Уж очень неприятный оказался мой высокоученый собеседник — стояли, помню, среди колонн греческого дворика. Не дай Бог у такого быть в аспирантуре. Но я благодарна профессору Нусинову за его честный отказ, без оговорок и уверток. В этом благо.

А вот классическая филология оказалась настолько забыта властями, что даже единственный партийный среди всех профессоров-классиков Н. Ф. Дератани не побоялся моей анкеты и принял в аспирантуру кафедры классической филологии. Более того, он стал моим научным руководителем и гордился чрезвычайно таким приобретением, так же, как потом неистово ненавидел, уяснив, что я — ученица не его, а опального Лосева, и готова всеми силами защищать гонимого.

Пришлось в июне сдавать экзамены в аспирантуру. Как помогли мне мои домашние занятия латинским языком и греческим, сначала с М. Н. Петерсоном на I курсе, а потом самостоятельно. Кончилось все благополучно. Сдала, едва живая от страха. Как же не испугаешься, если отвечаешь человеку по виду, ну совсем как папский кардинал со старинного портрета — и черная шапочка на голове, а пальцы тонкие, и постукивает ими по книге — лежит перед ним раскрытый Ксенофонт, но он на страничку и не смотрит — наизусть знает и еще мне подсказывает, и видно, надоело ему нас, нескольких дураков, экзаменовать по тексту, всем гимназистам давно известному, поэтому нетерпеливо постукивает еще и ногой по полу — стук, стук, стук… Человек этот, который задает вопросы и, почти не ожидая ответа, от нетерпения сам себе отвечает, и есть грозный профессор Лосев Алексей Федорович; фамилию, адрес и телефон его я старательно и спешно кривыми буквами записываю потом в свою книжечку, когда его назначили мною руководить в изучении и чтении греческих писателей и поэтов. Осенью следовало приступить к занятиям.

Страшным сном прошел греческий экзамен. Чтобы проснуться, надо немедленно ехать к маме. Собралась быстро, но без пропуска — никуда, ведь все еще война, хотя тучи ее уходят на Запад. Иду в милицию, вблизи нашей Усачевки, там нас, студентов, своих соседей, знают хорошо. Висит огромная карта, и начальник, изучая меня, говорит: «А Орджоникидзе — это не на границе с Турцией? Иначе не пустим». Мы с ним вдвоем проводим географическое исследование, и хлоп, печать на пропуске и закорючка — гуляй целых два месяца.

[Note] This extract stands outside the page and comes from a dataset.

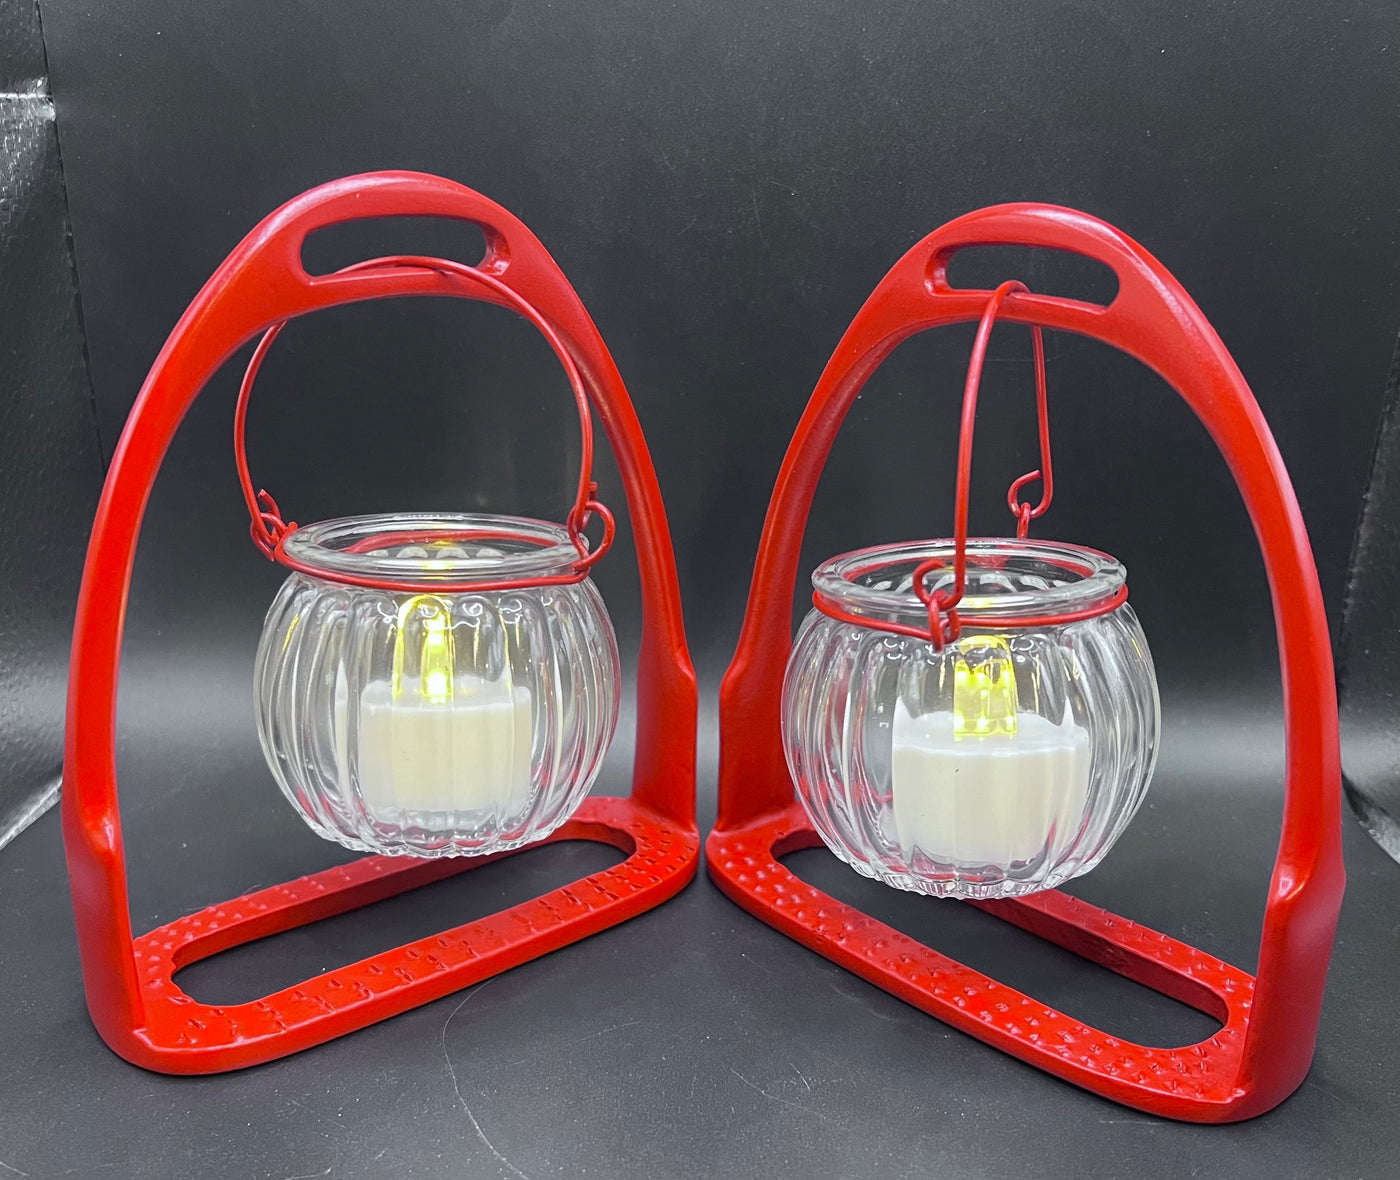 English Stirrup Candle Lights - Red
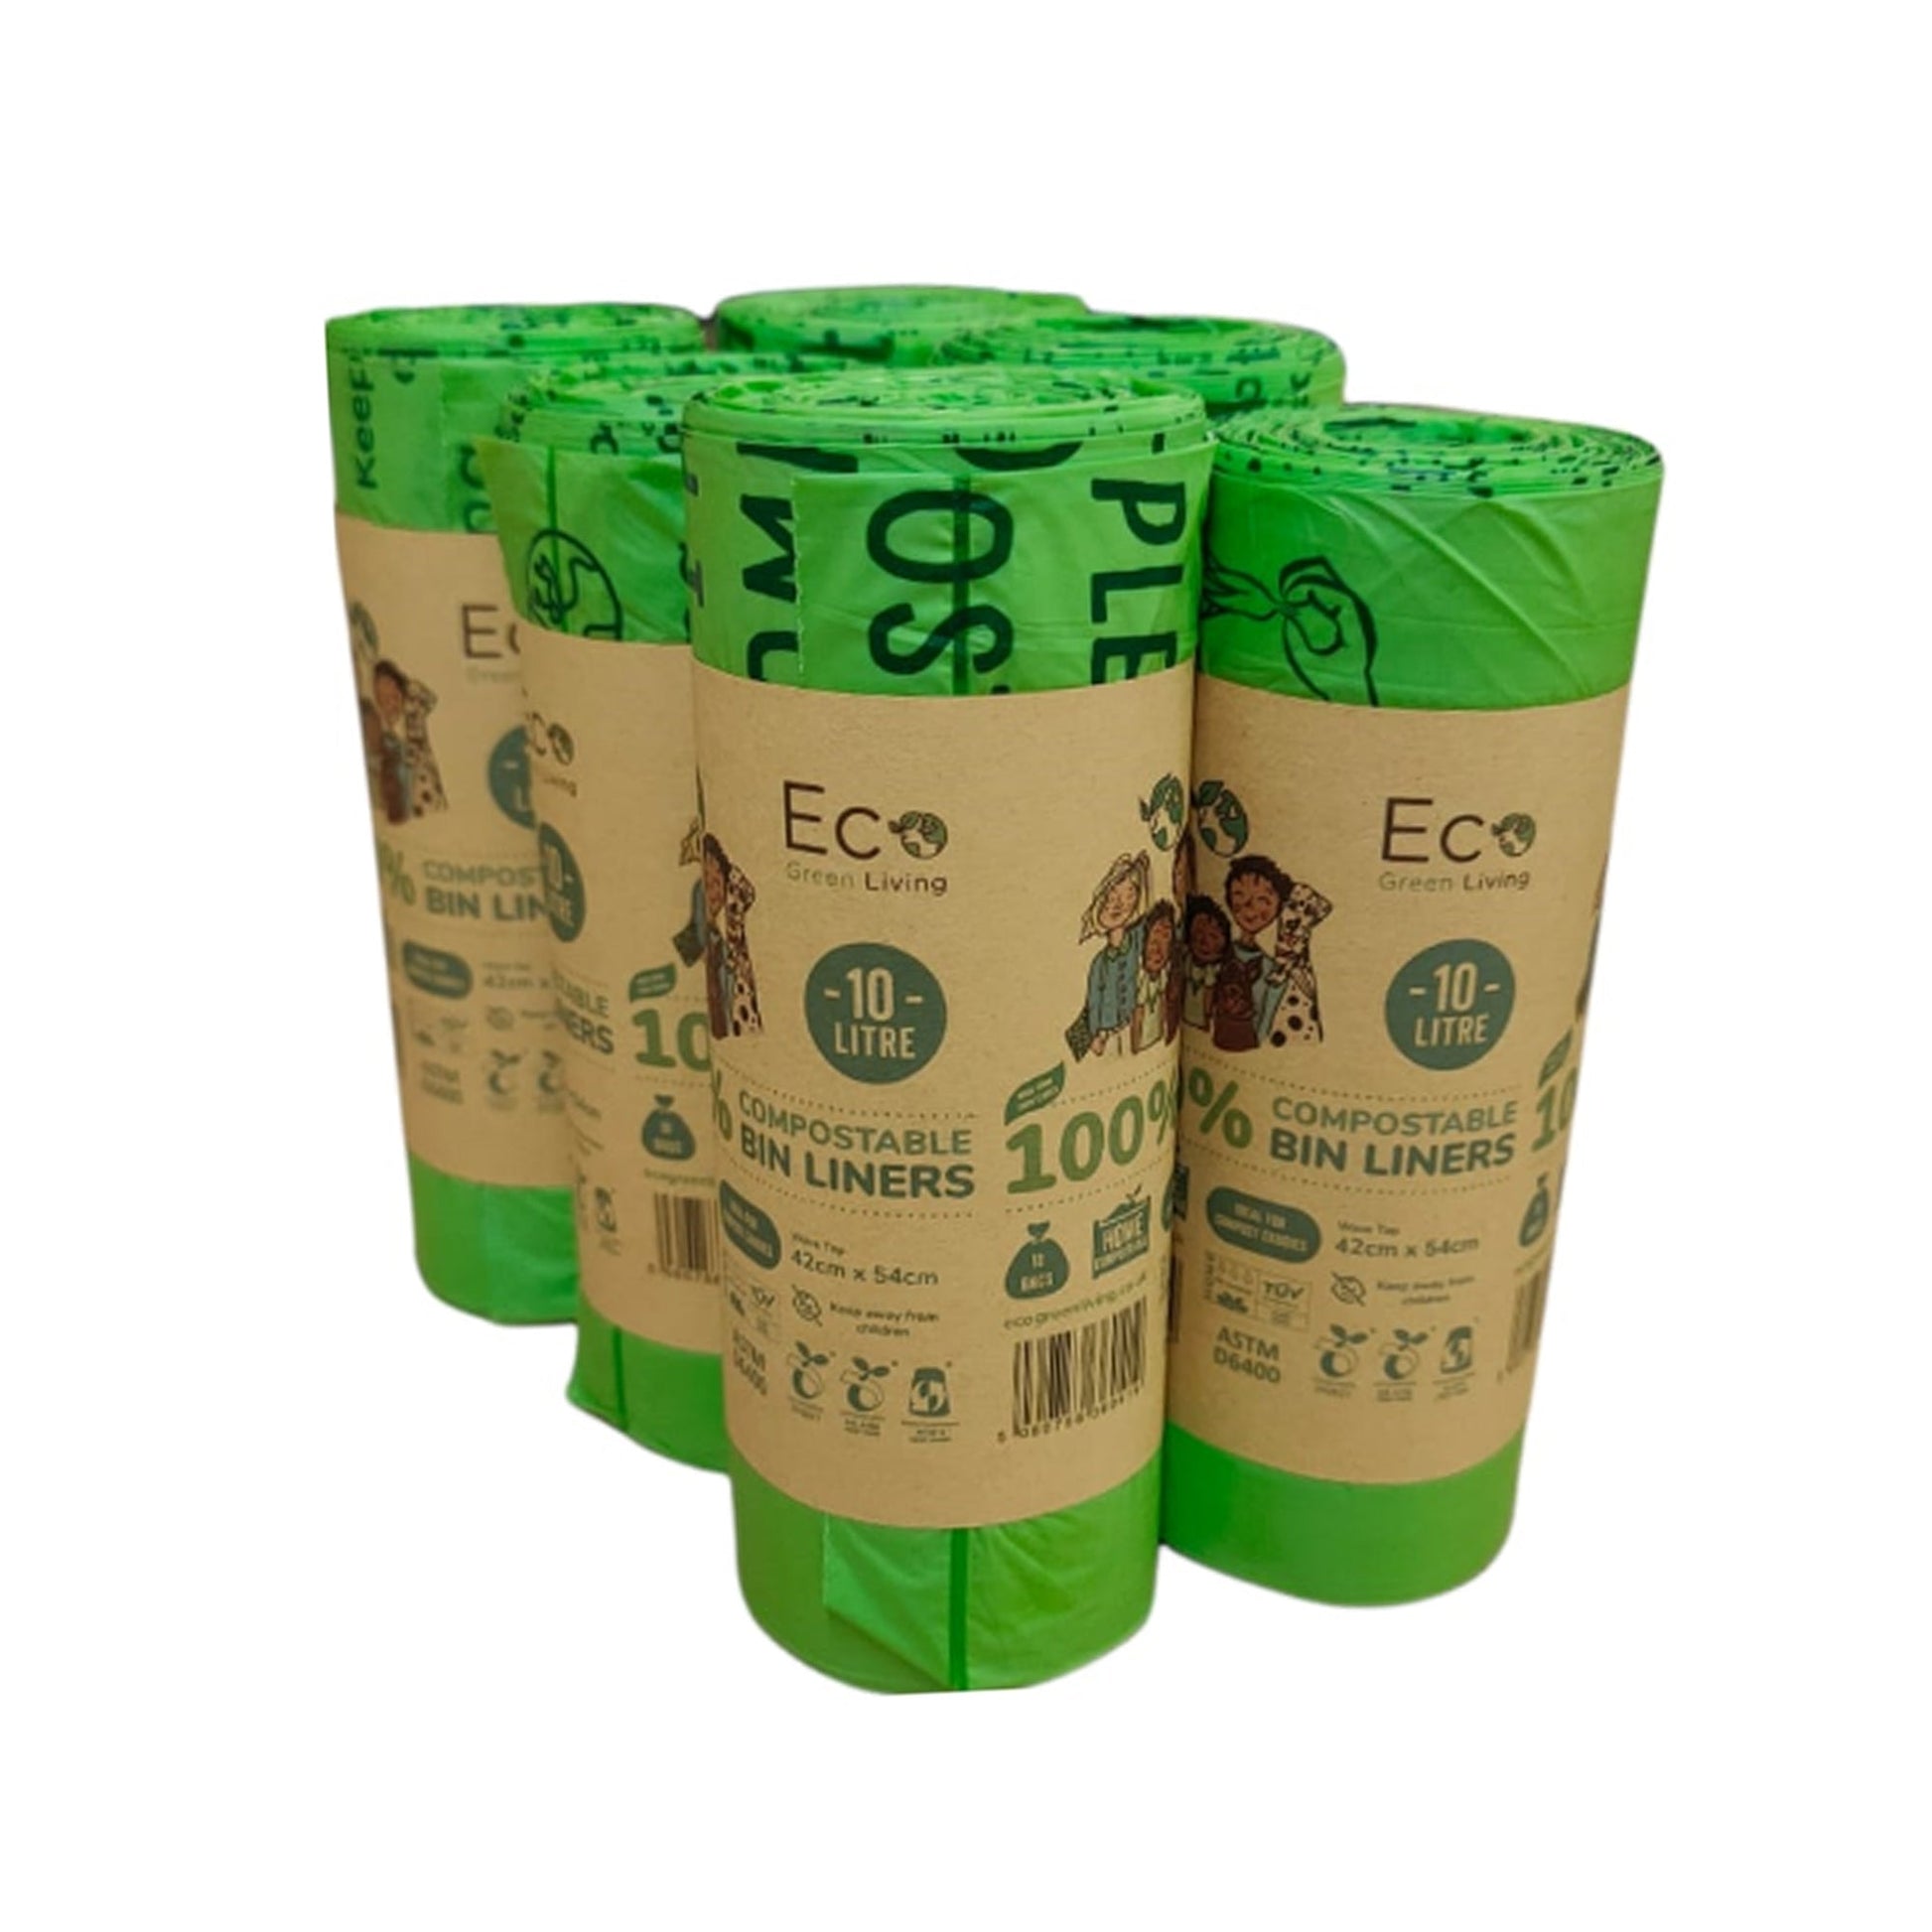 10L Compostable Waste Bags | 6 Rolls of 18 Bags | Eco Green Living - EcoGreenLiving

Думаете, что теперь можно нормально сесть в пассажирский поезд? Ошибаетесь. Во-первых, это не пассажирский, а теплушки с нарами, а во-вторых, чтобы билет добыть, надо одному человеку (он промышляет у нас в общежитии, но он верный, не подведет) хлебную карточку на месяц. Вот так. Делать нечего, поступаю как вся наша бездомная и полуголодная студенческая братия, стремящаяся домой, якобы на хлеба родительские. Едем долго, но не очень, не месяц, а всего лишь неделю, и в теплушке действительно тепло, лето ведь в разгаре, народ студенческий веселый. Мимо, мимо разбитых станций и вокзалов, городов — и всюду брошенная военная техника — танки, орудия, какие-то скелеты обгорелые вокруг, горы железа, груды кирпичей. Неужели это все будет жить? Восстановят, и даже довольно быстро, хотя бы фасады вокзалов. Я в этом удостоверюсь на будущий год, на новое лето. А пока бездумно болтаем друг с другом, и только сердце как-то особо схватывает, когда вдалеке вижу какие-то холмы, предгорья, южные тополя, и встают из далекого прошлого близкие слова: «Минеральные Воды», «Прохладная», и ветерок веет тоже прохладный, ароматный. Наконец, Беслан, а там пересадка на местный, набитый не столько людьми, сколько мешками. И как это один человек может увезти с собой, дотащить, поднять? У меня же никаких вещей, я достаточно натерпелась с чемоданом, рюкзаками. Нет, спасибо, еду налегке с маленьким узелком, да и везти-то нечего. Еду, не предупреждая, хочется нечаянной радости (потом узнала я, что есть икона Богоматери, именуемая «Нечаянная радость», 22 декабря), стоит только стукнуть в окно. Утро раннее, сумеречное, еще и четырех утра нет, и Казбек еще не проснулся, окутан туманным сном, а что говорить о людях — задень небось намучились, спят еще. А я быстрым шагом по знакомой дороге мимо сонных домов, подъездов, окон — настоящее мертвое царство, но прохладно, приятно, и счастье охватывает, вот-вот еще один поворот, и наш старый дом, приют и убежище для гонимых временем и судьбой. Поднялась на цыпочки и в окно, почти задыхаюсь — услышат? Изнутри старинные ставни на болтах закрывают оконные стекла.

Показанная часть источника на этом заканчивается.